Сорча издала неопределенный звук. Она не скоро забудет сверкнувший нож следопыта перед тем, как тот вонзился в бок Орека.
Рука на ее плече заставила Сорчу подпрыгнуть. Она поняла, что дрожит, и Кара посмотрела на нее сверху вниз, озабоченно нахмурившись.
— Я думаю, вам обоим пора отдохнуть.
— О, нет, я присмотрю за ним…
— Он еще несколько дней ничего не сможет делать. Приляг и отдохни. Тебе понадобятся силы, чтобы ухаживать за ним.
Отказ снова вертелся у нее на языке, но когда она посмотрела вниз на Орека, то увидела гладкость его лба и ровный ритм дыхания. Теперь он действительно спал, на некоторое время избавившись от боли, и она знала, что маковое молоко продержит его в таком состоянии еще несколько часов.
— Хорошо, — наконец согласилась она.
Когда Кара ушла за кувшином воды, Анхус сказал ей:
— Нужно сделать кое-что по дому, так что тишины не будет.
— Я не думаю, что это помешает мне, — ее глаза щипало при каждом моргании, и только упрямство удерживало ее на ногах.
Вскоре Кара вернулась с чистой тряпкой и керамическим кувшином, полным воды. Убедившись, что у нее и Орека есть все, что им понадобится на ближайшее время, пара ушла, закрыв за собой дверь стойла.
От облегчения у Сорчи чуть не подогнулись колени, но она заставила себя продержаться достаточно, чтобы снять испачканную одежду, ополоснуться водой и обтереть себя тряпкой, надеть чистую рубашку и бриджи. Она собрала оставшиеся у них одеяла и разложила их рядом с Ореком.
Сорча легла, любуясь широтой его массивных плеч. В мягком свете сарая она могла разглядеть шрамы, которые усеивали и перекрещивали его спину, историю, которая говорила о тяжелой жизни.
Ее тело почти растворилось в мехах и сене, но она не смогла удержаться, чтобы не распутать несколько клоков на длинной гриве его волос и заплести короткую косу.
Сон настойчиво овладевал ее разумом, как зов сирены, затягивающий на дно.
Прежде чем сдаться, она придвинулась немного ближе, положив сжатые руки ему на спину. Его кожа горела, и она чувствовала каждый его вздох. Она позволила
Сорча проснулась намного позже с сеном в волосах и ватой во рту. Что ж, по крайней мере, так ей показалось. Она затуманенно моргнула, глядя на незнакомое стойло. Запахи и шум оживленного сарая были достаточно знакомы, но это были не конюшни ее семьи.

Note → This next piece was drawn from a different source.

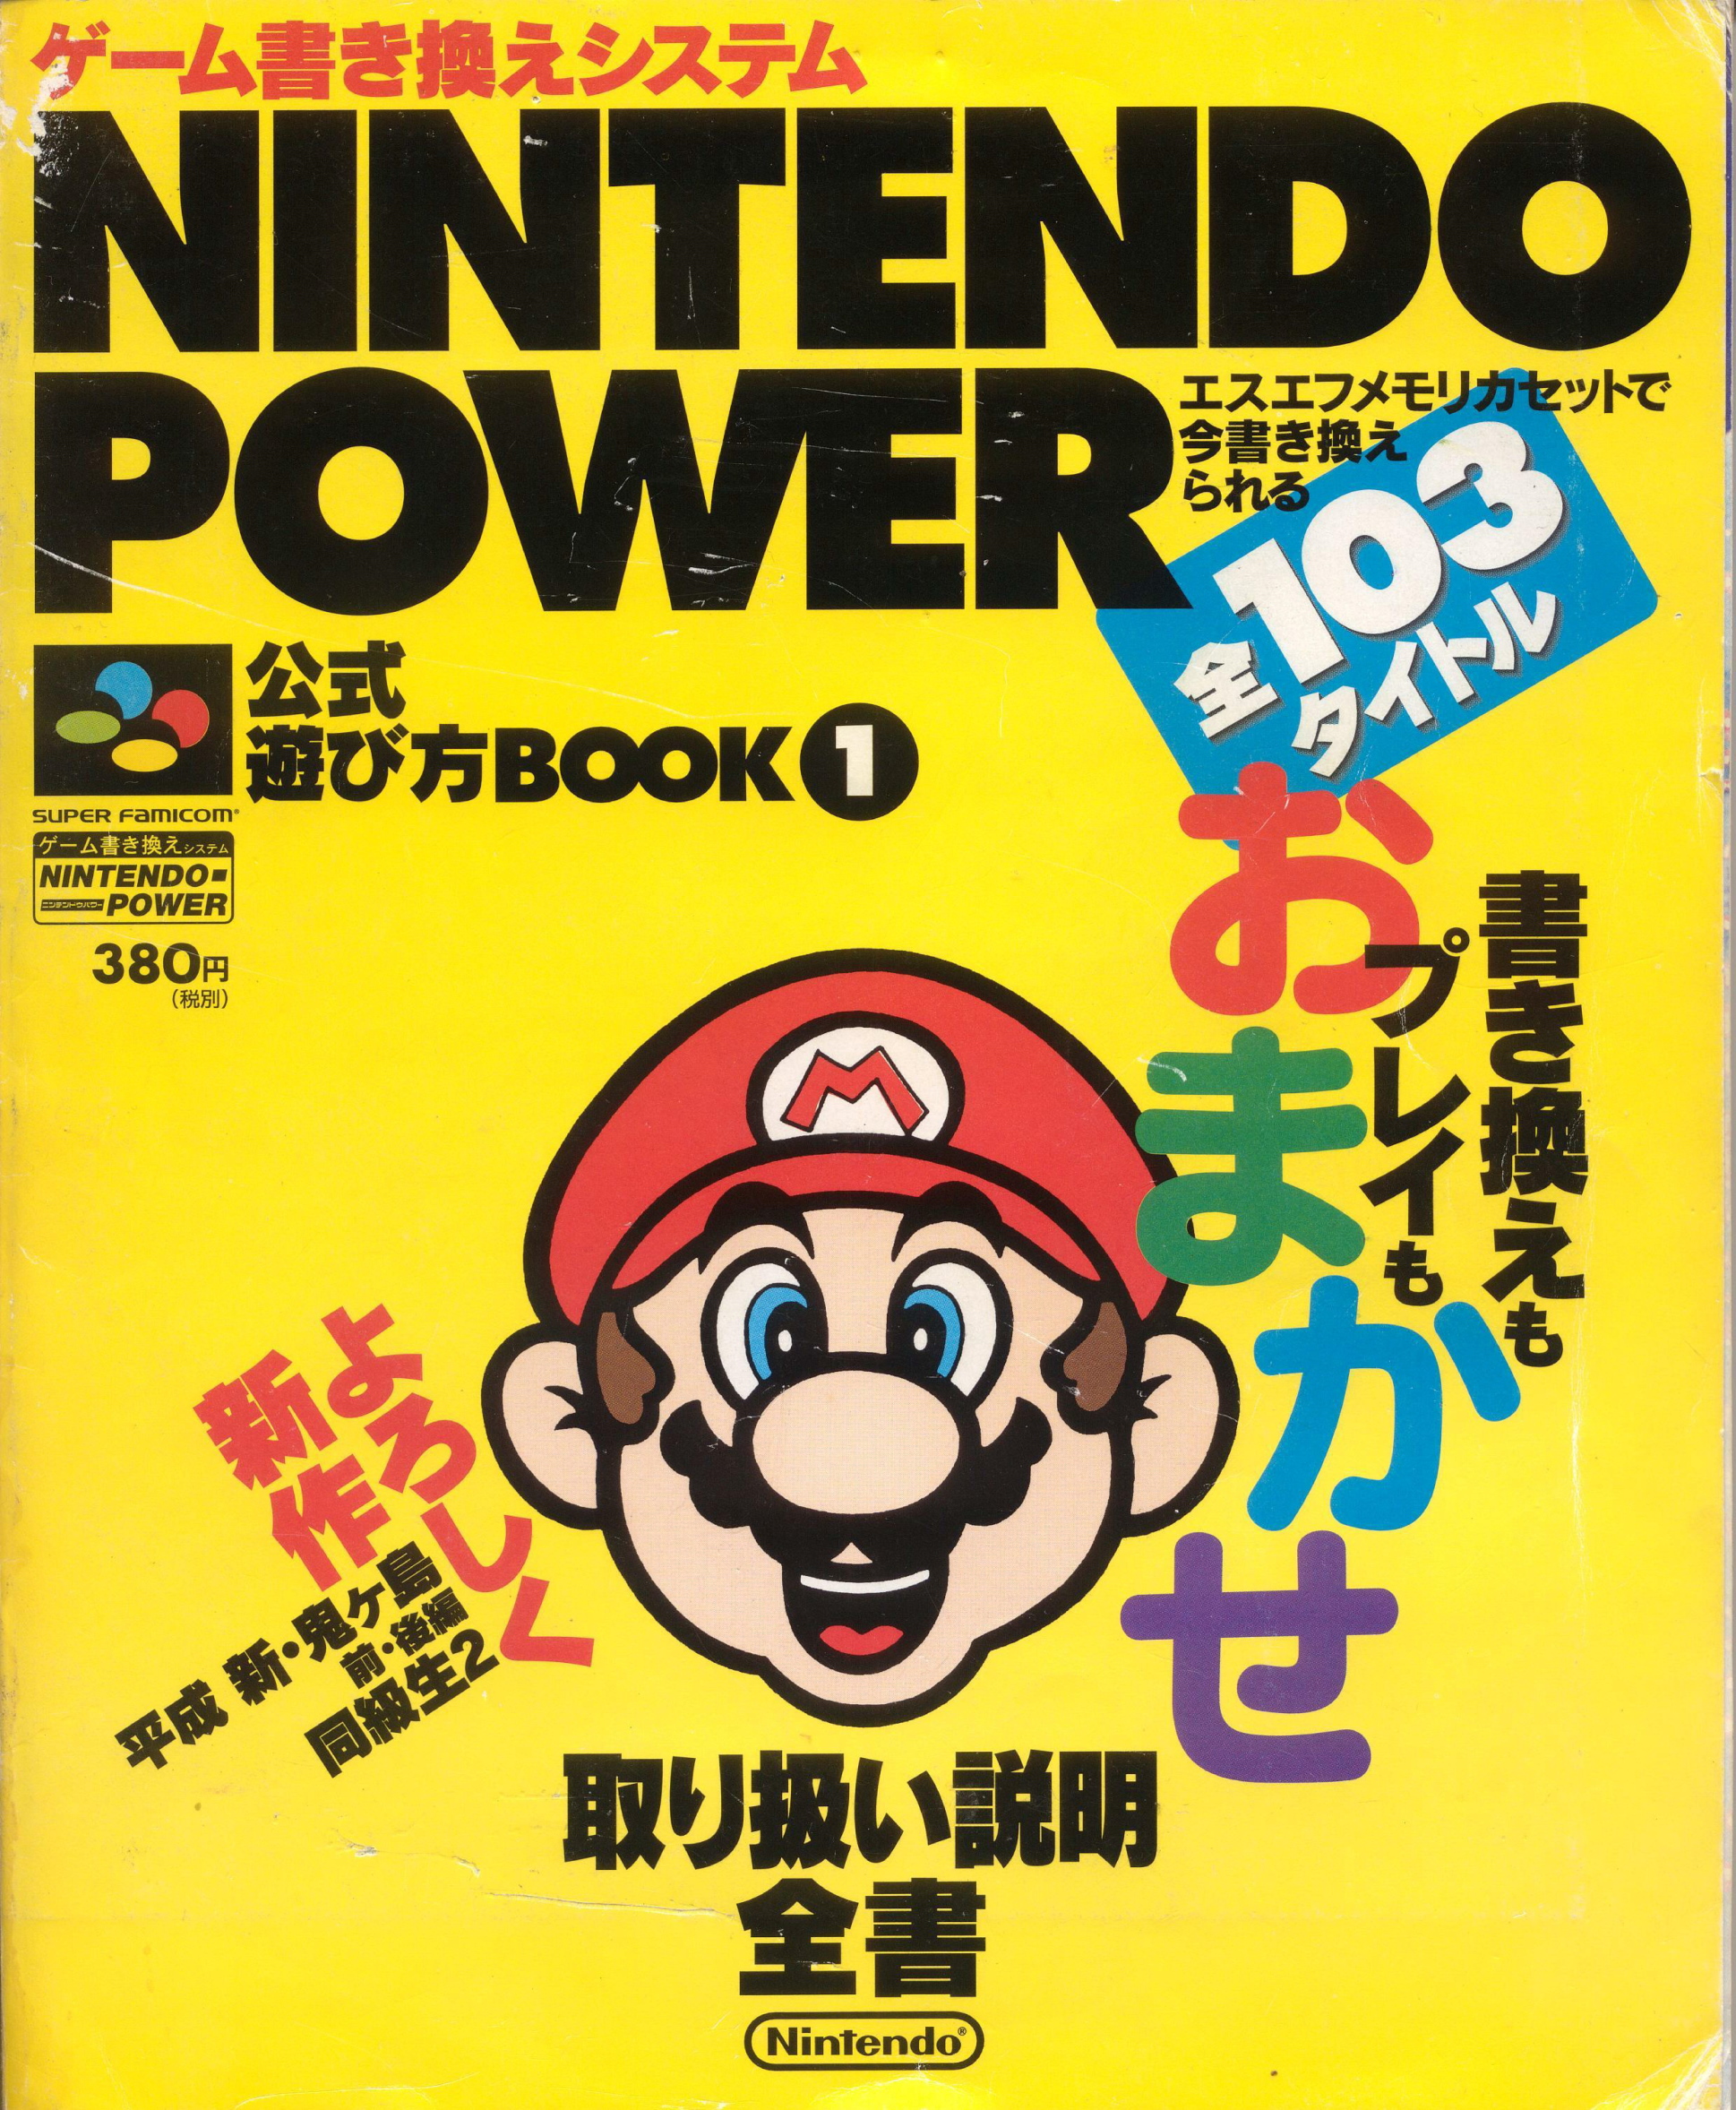 Nintendo Power Cartridge Manual Scanning Project Complete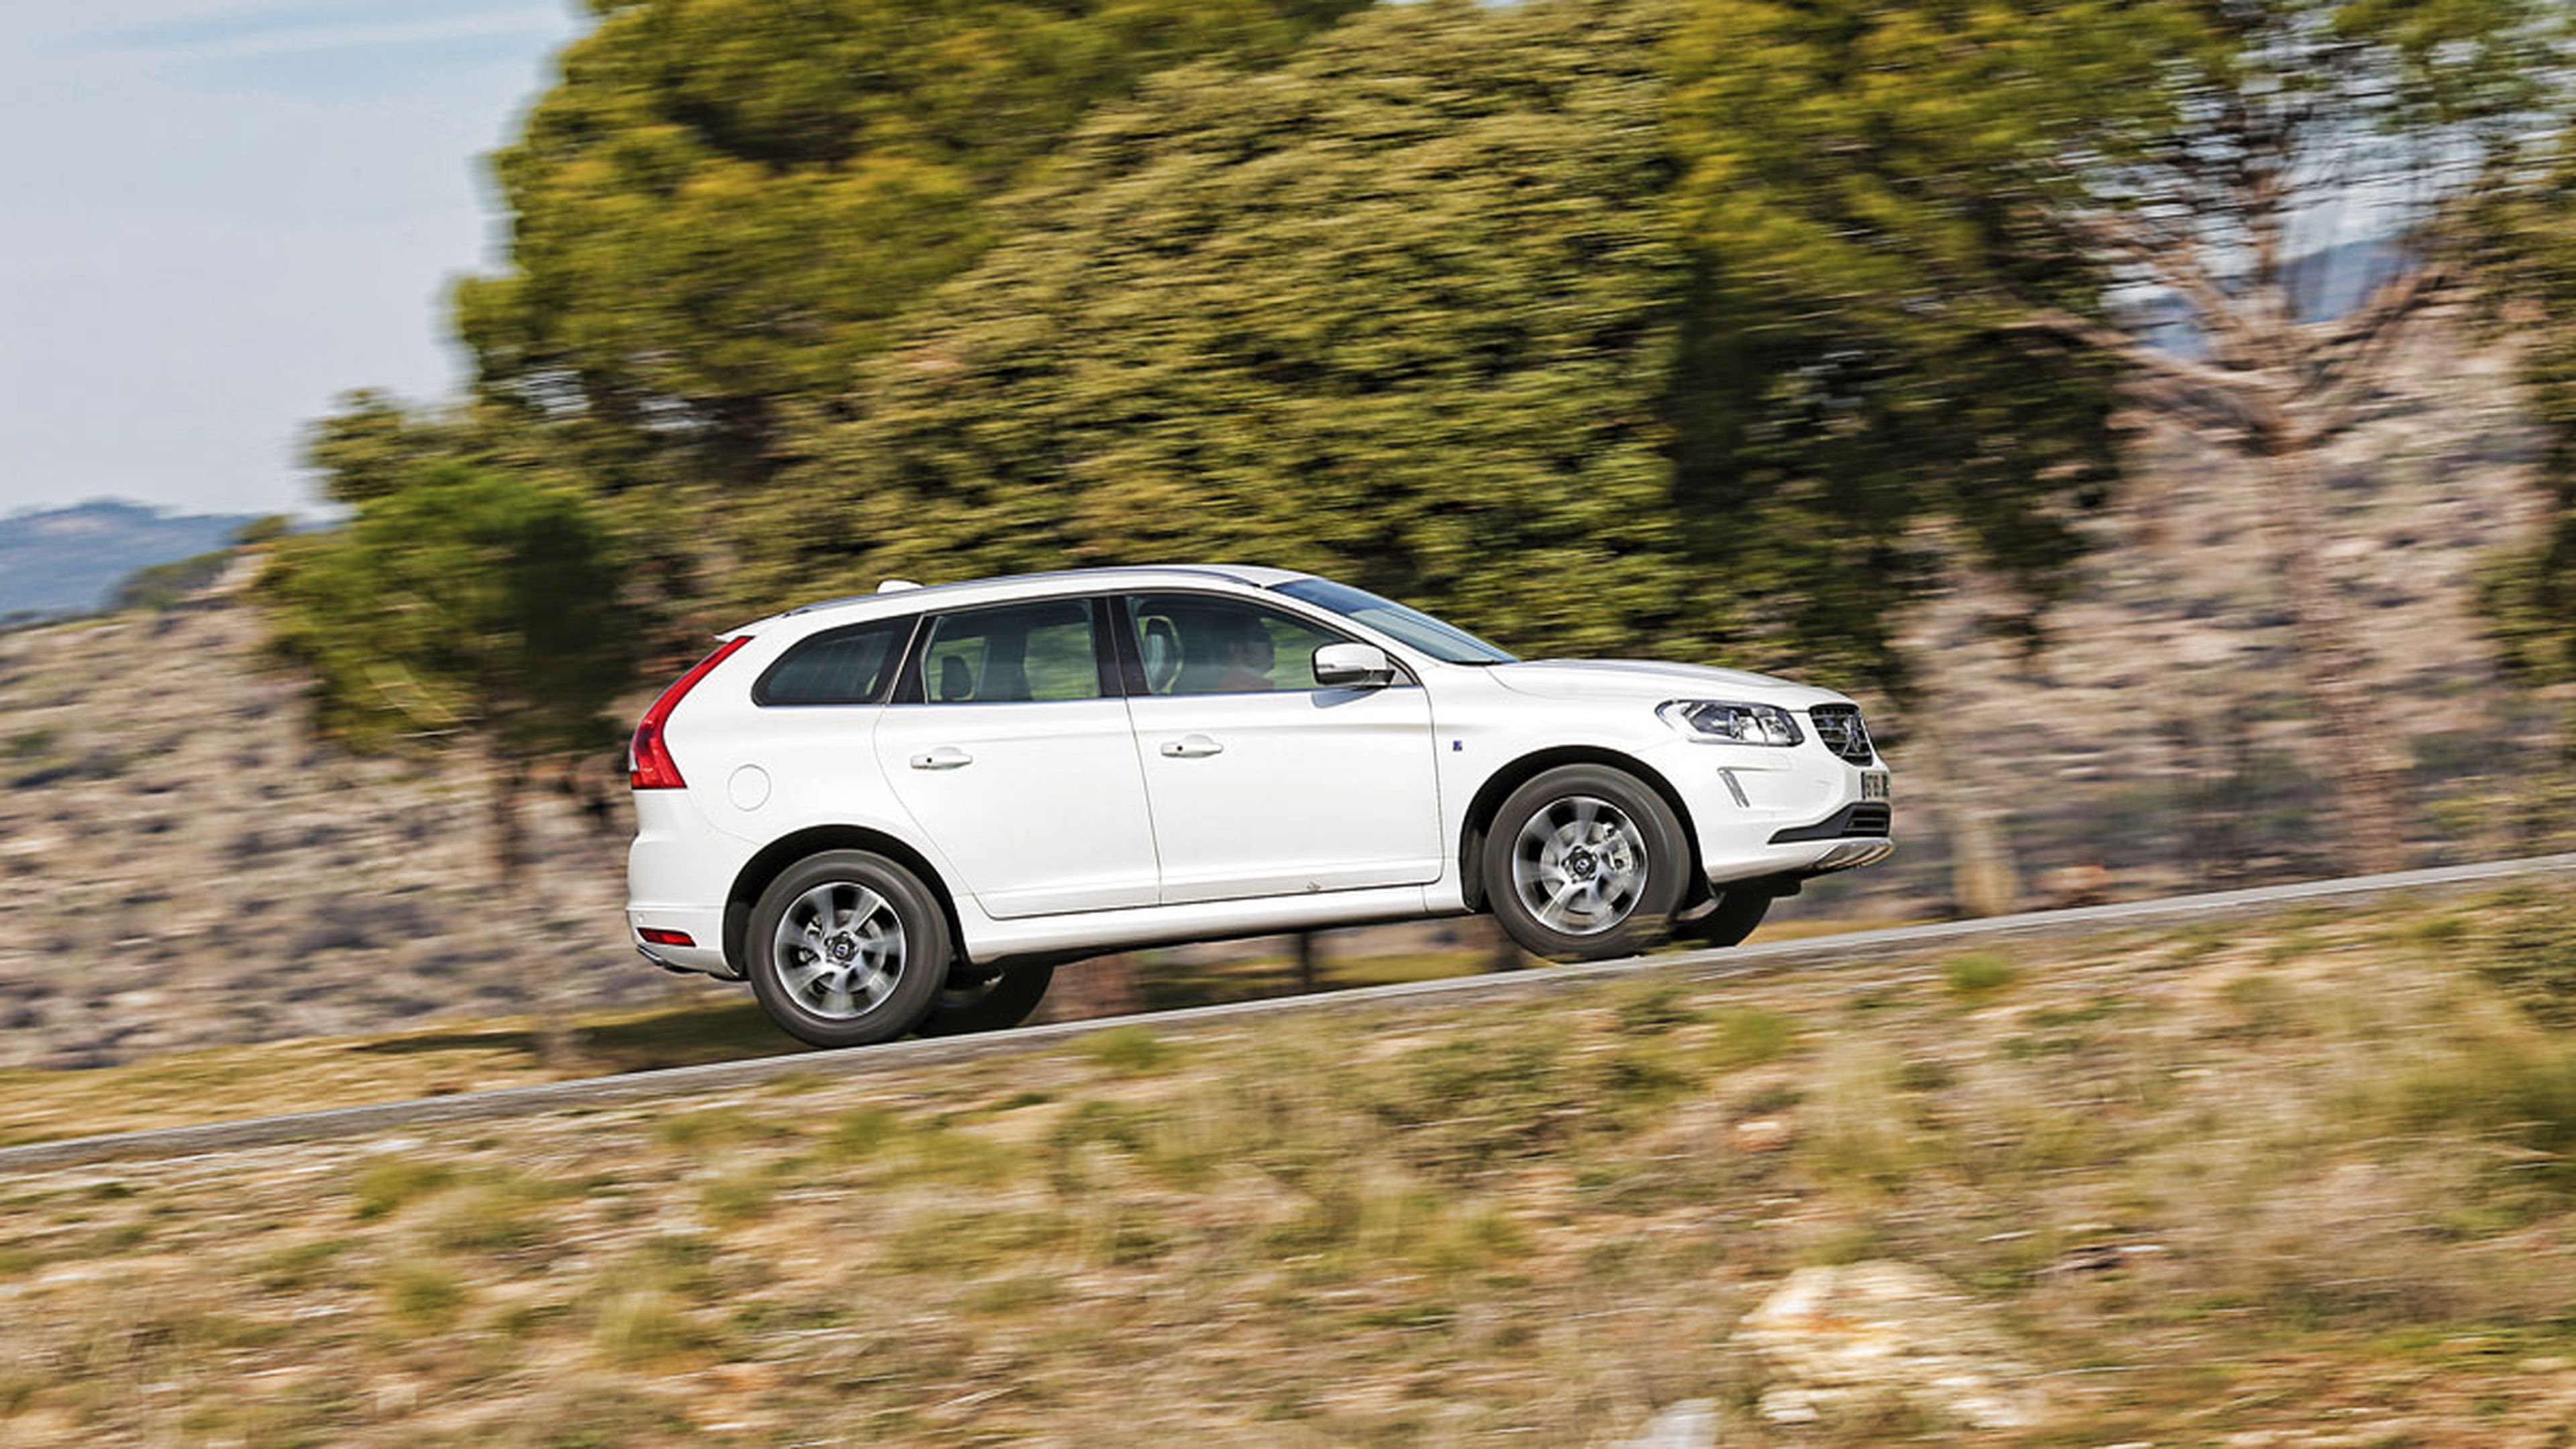 Volvo XC60 Ocean Race lateral

События предыдущего дня обрушились на нее, вызвав неожиданную волну паники в груди, и Сорча резко обернулась.
Орек лежал точно так же, как она его оставила, и глубоко спал, его дыхание было ровным. Кожа вокруг зашитой раны выглядела не воспаленнее и не краснее, чем когда она смотрела в последний раз, и Сорча вознесла безмолвную молитву Судьбе в надежде избежать лихорадки.
Она заглянула через его плечо, радуясь, что выражение его лица расслабленное.
Не в силах сдержаться, она провела рукой по его предплечью, успокаивая не столько его, сколько себя. Она так боялась за него, все еще боялась, что ему больно, или он не проснется. Сорча помогала своей матери заботиться о множестве больных братьев и сестёр и раненых конюхах, проводила много дней у постели больных, ухаживая, кормя и утешая. Но у нее всегда была помощь — тетя Софи была рядом и наблюдала за исцелением.
Здесь, сейчас, в незнакомом сарае, когда ее спутник тяжело ранен, Сорче пришлось признать, что она не в порядке.
Она сжала его запястье и похоронила эти мысли глубоко в сознании. Беспокойство и нерешительность никому не помогали, и в свете — она покосилась на высокое окно на фронтоне сарая — ближе к вечеру ей было довольно стыдно за то, как она вела себя вчера и как справилась в сложившейся ситуации. Вернее, не справилась.
Глубоко вздохнув, Сорча легла на спину и потерла глаза, пытаясь прогнать затянувший голову туман и песок из глаз.
— О, нет, ничего подобного, — сказала Кара, подбегая к двери стойла. Она открыла ее и ворвалась внутрь с подносом, на котором было что-то теплое и вкусно пахнущее. — Я знаю, что ты не спишь, так что оставайся в таком состоянии, пока мы не напичкаем тебя едой. Потом ты снова сможешь поспать.
— Я уже проспала весь день, — слабо запротестовала Сорча, принимая еду. Она никогда не была горда своим хорошим аппетитом, что доказывал щедрый зад.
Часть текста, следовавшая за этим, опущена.